Be happy that you have one of the best quarterbacks in the conference. Brett Hundley isn’t flawless, but not many players in the country have the same level of tantalizing potential. (I don’t think he’ll leave, but if Hundley declares for the 2014 draft, SI already has him as the No. 8 pick.)
A superlative freshman campaign — 3,745 yards, 29 touchdowns against 11 picks — proved that the 6-foot-3 dual threat is the quarterback the Bruins have long sought. Perhaps the biggest knock on him was his decision-making, whether that meant not throwing the ball away when he needed to or not sliding at the right time. In spring, he looked like he corrected some of that, drawing cheers from his teammates once when he slid on a scramble.
He also took 52 sacks last season — second-most in college football, and something that did start to affect him later in the fall.
“It’s easy on the sideline where I’ve got a collared shirt and pants on to tell him, ‘Keep your eyes down the field,’ quarterbacks coach Taylor Mazzone said. “He’s getting a 300-pound guy hitting him in the side of the face. … He did get timid a little bit. He sort of had happy feet, as we say. That pushed him off his progression too quickly and missing our pass concepts here and there. But he’s getting better.”
The additional 20 pounds he added — up 230, down to 8 percent body fat — should help him when he does get hit. An improved offensive line should make sure that happens less often.
Through the last week of spring, Hundley also strapped a Go-Pro camera to his helmet to add another angle on film; he had first tried out that vantage point during Holiday Bowl practices, when he kept a camera on after going paintballing.

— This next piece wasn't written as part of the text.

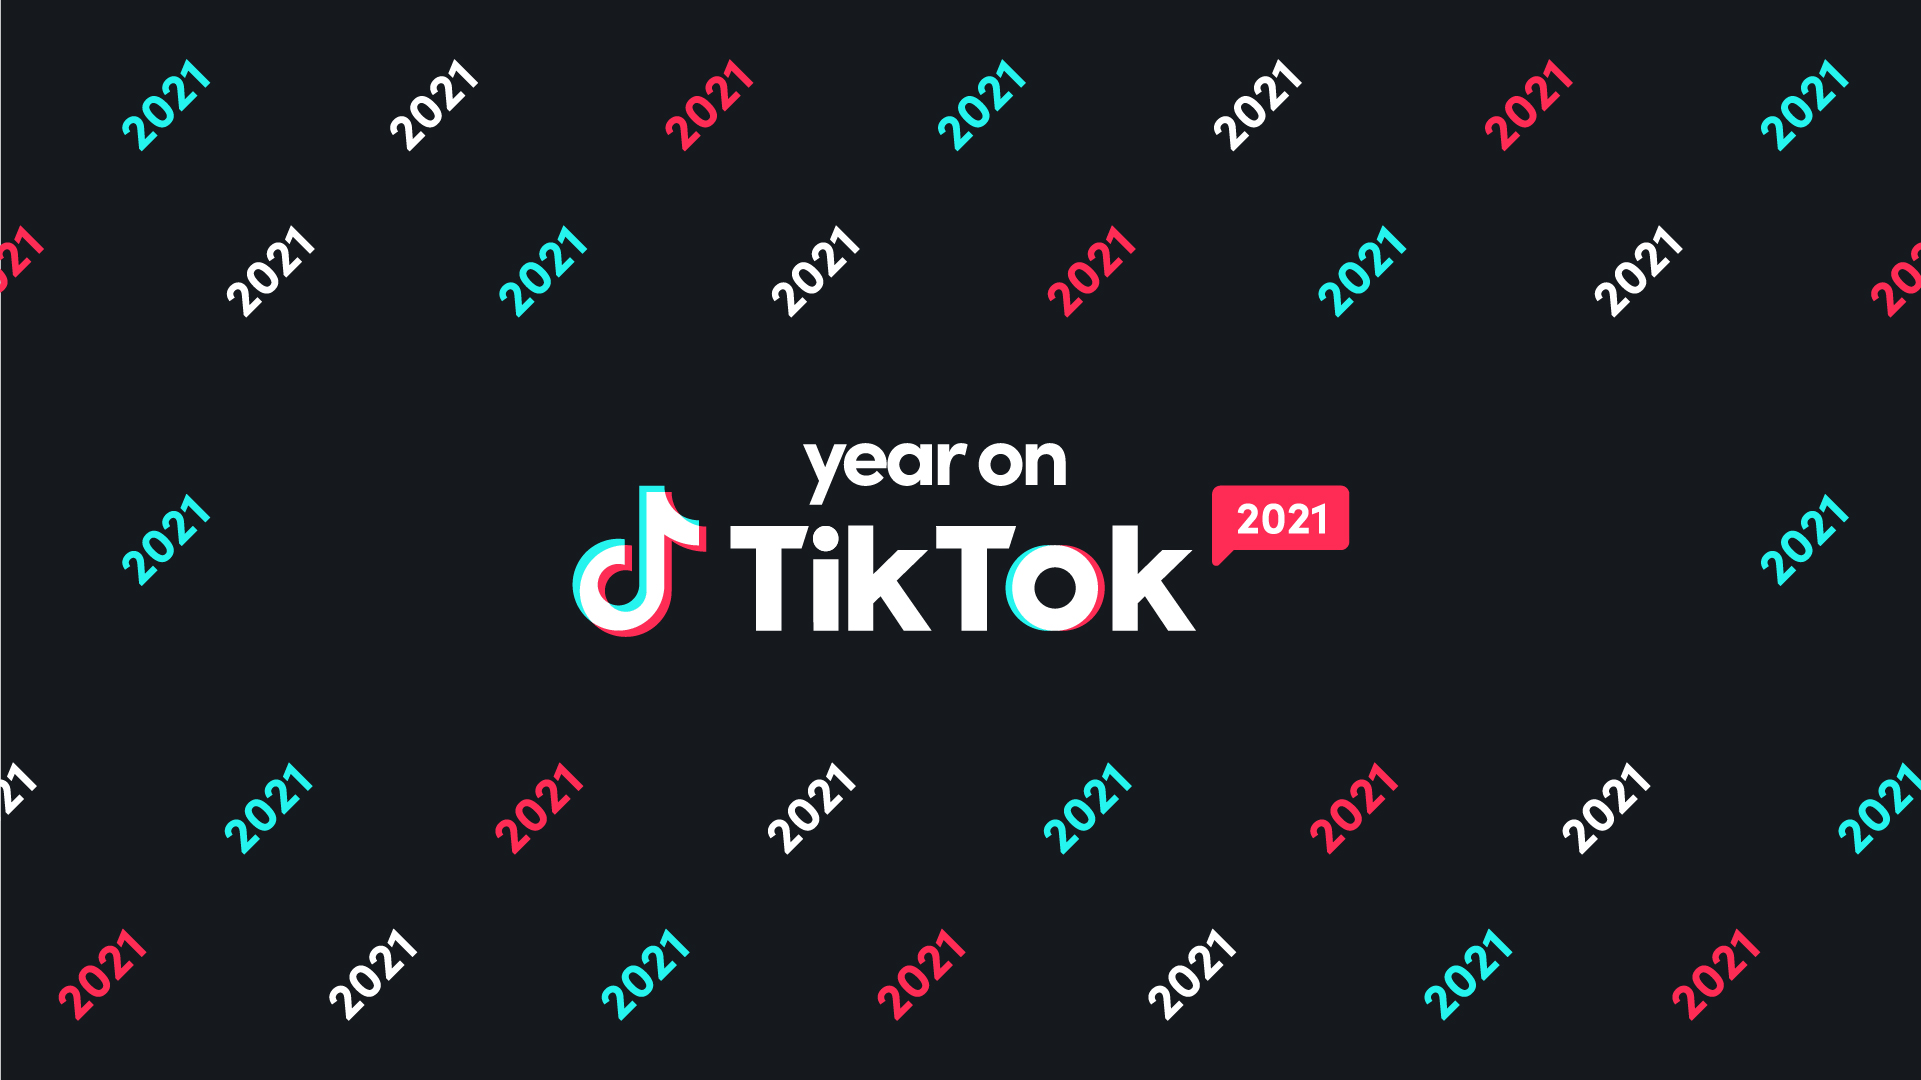 TikTok năm 2021 là một trong những ứng dụng phổ biến nhất hiện nay. Hình ảnh này sẽ mang đến cho bạn một cái nhìn tổng quan về nền tảng trực tuyến này, bao gồm các thể loại video, trang phục, nhạc nền và nhiều hơn thế. Bạn sẽ có thể tìm hiểu thêm về cách tạo ra nội dung tuyệt vời trên TikTok.

As for backups, well, it’s obviously best to hope that none of them will be needed for extended action. Competition there is open, but T.J. Millweard looked like the most worthy candidate through the spring. Jerry Neuheisel just doesn’t have the same arm strength.
Wide receivers/tight end
Devin Fuller is the player you want to keep an eye on. Jim Mora said the converted quarterback is in the same mold as Percy Harvin, and as far as ceiling goes, Fuller has a chance to be that type of player. He seems a natural fit in the slot, though he has the athleticism to be used pretty much everywhere on the field. Mora did say that the team wanted to be careful about overloading Fuller — who is still learning the receiver position — so the Wildcat package he’s been featured in might only be used sparingly.
Shaq Evans and Jordan Payton still look like the starting outside receivers, with the former especially coming on through the last week or two of spring. Receivers coach Eric Yarber said about halfway through camp that he considers Devin Lucien a starter too in a three-man rotation, but the redshirt sophomore faded a bit after a great start to spring.
Replacing Joseph Fauria at Y receiver/tight end is the 5-foot-11 Darius Bell, who regards himself as a technician in the mold of Wes Welker. He has a firm grasp on that spot as long as he can stay healthy; last season, he battled a sprained ankle upon returning from his rib injury. Ian Taubler is behind him for now, but I’m eager to see what freshman Thomas Duarte does in San Bernardino.
Early enrollee Eldridge Massington is still rehabbing from the torn ACL that sidelined him for his senior season.
“It’s going to take an incident where he’s going to catch a ball, and he’s not gonna think about it and he’s going to spin, take a hit, put his foot in the ground and change direction,” Yarber said. “Then he’s going to say ‘Oh, I’m fine.’ That won’t happen until probably summer camp.”
Spring practices did nothing to change the inevitability of a running back committee this season. Jordon James, Paul Perkins and Malcolm Jones split reps while Steve Manfro (shoulder) and Damien Thigpen (ACL) rehabbed their respective injuries. Coaches repeatedly said they believe that approach will be effective, though I think if you had to pick a lead back at this point, it’d be James. Offensive coordinator Noel Mazzone also said he doesn’t see the backs working in specific roles either, such as Jones being used more in goal-line situations.
One or two freshmen will probably start come fall, with others playing substantial downs. This isn’t surprising considering the 52 sacks UCLA surrendered last season, and the ensuing recruiting push that landed seven offensive linemen — arguably the nation’s best haul at the position.
But the influx of talent — most notably guards Alex Redmond and Caleb Benenoch — also makes it hard to judge project the unit’s spring performance into the fall. Xavier Su’a-Filo and center Jake Brendel are virtual locks to start, while Torian White did enough in the spring that he’ll likely also stay in the first five. Simon Goines was in and out of practices, but could be solid if he’s fully healthy. Alberto Cid’s medical retirement (concussions) also hurts depth.
That said, the line will likely be better than it was a year ago, if for no reason besides the improvement of the returning players. Combined with Hundley becoming more decisive in the backfield, UCLA probably won’t lead the conference again in sacks allowed.
“I can maybe help a lineman out with knowing things and changing protection, helping them pick up who they need to pick up,” said Hundley, adding that he couldn’t have put up numbers last season without his line. “On my end, I’ve got to get better at throwing the ball away, running, or just knowing the situation and knowing what to do in that situation.”